Und mit ihm eine junge Frau. Mein Baby.
Eben noch Kind, jetzt schon erwachsen. Den Kopf voller Flausen und bar jeder Lebensweisheit.
Aber erwachsen genug, um ganz alleine in die weite Welt zu reisen. Ich winke und lache und mache Faxen durchs Fenster. Sie zieht eine Schnute und winkt zurück.
Dann trägt sie der Zug aus meinem Blickfeld. Er fährt weiter bis nur noch die roten Schlusslichter sichtbar sind. Die Sonne steht hell am Himmel, die Bahnhofsuhr ist erloschen.

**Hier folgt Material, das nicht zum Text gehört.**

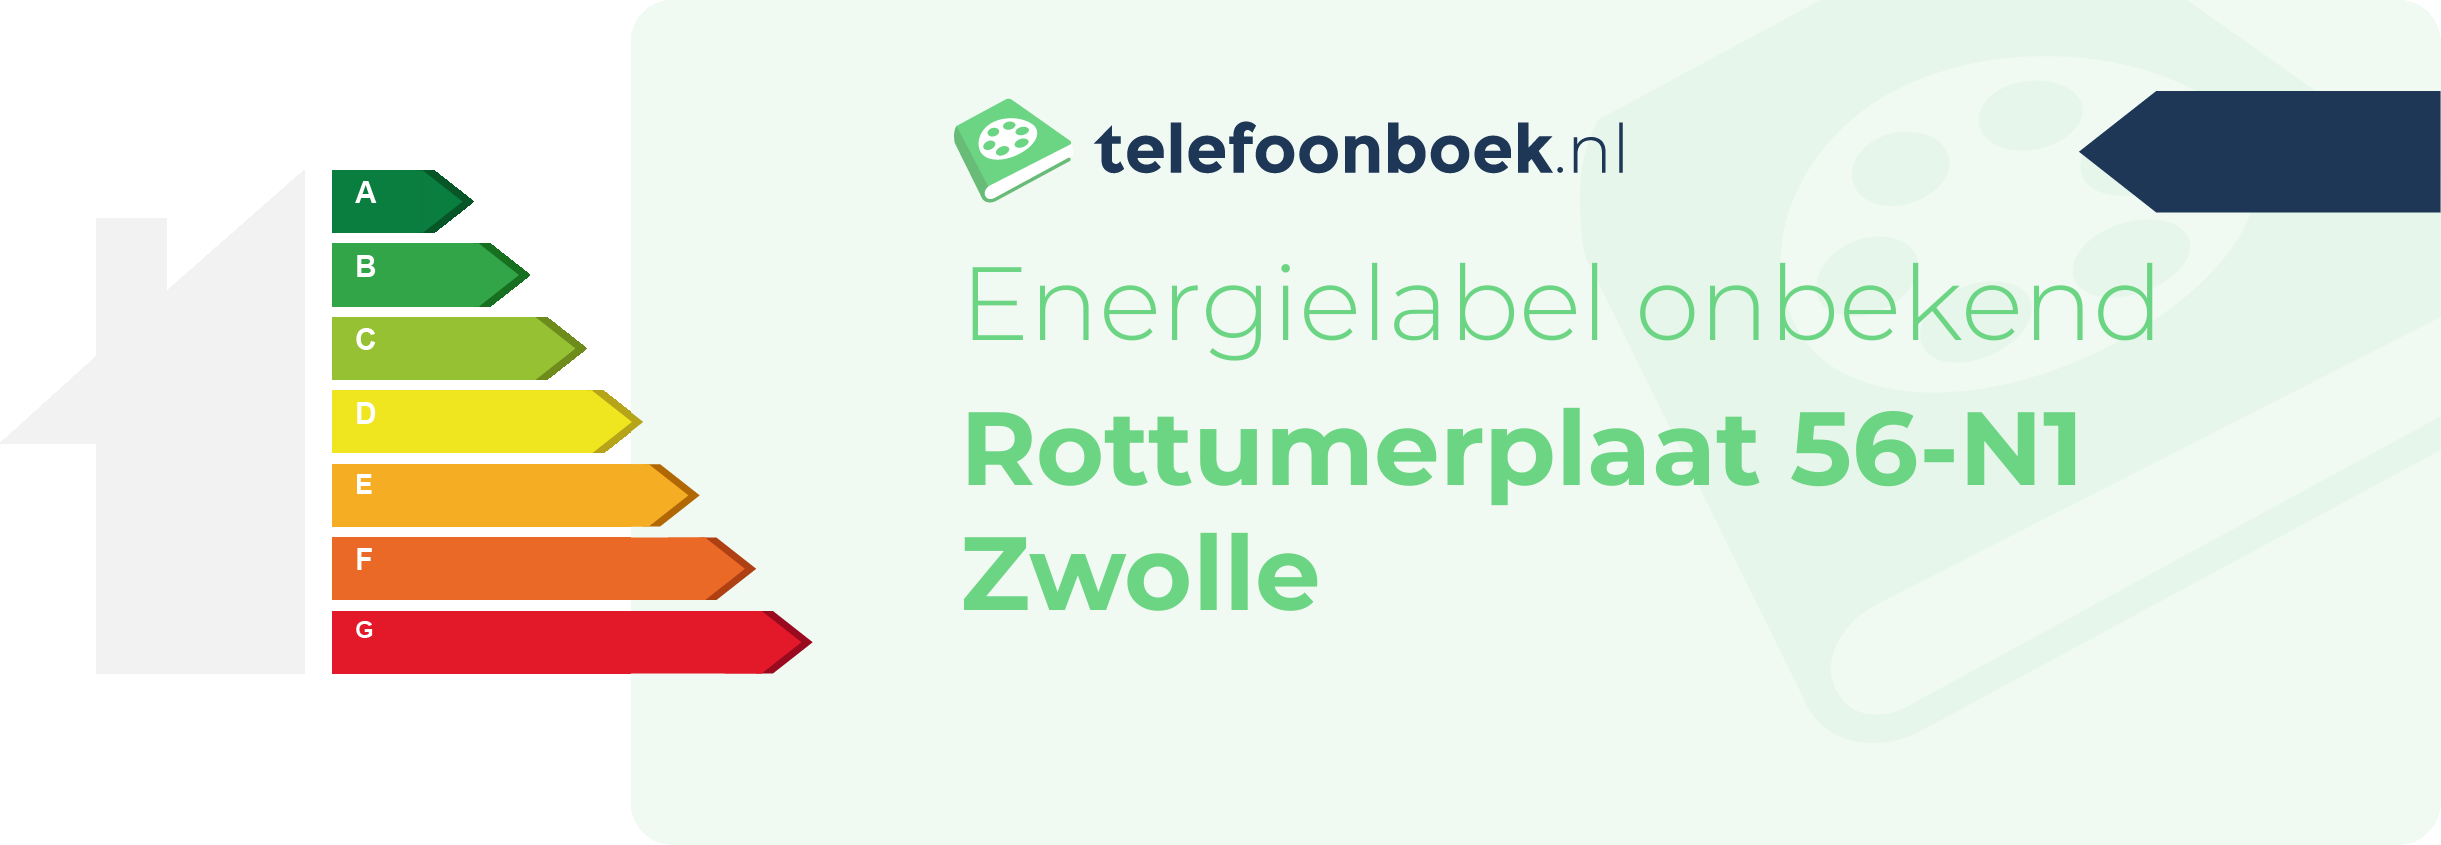 Energielabel Rottumerplaat 56-N1 Zwolle

6.33 Uhr. Mein Baby ist weg, für lange Zeit weit weg von zu Hause. Ich stehe erstarrt da und lasse meine Winkehand zusammen mit meinem Grinsen absacken.
Was habe ich getan? Habe ich tatsächlich mein Baby in diesen Zug einsteigen und ohne mich abfahren lassen? Habe ich sie gehen lassen, alleine, schutzlos und mit zwei Tonnen Gepäck, die sie unmöglich selber tragen kann? Wie konnte ich nur!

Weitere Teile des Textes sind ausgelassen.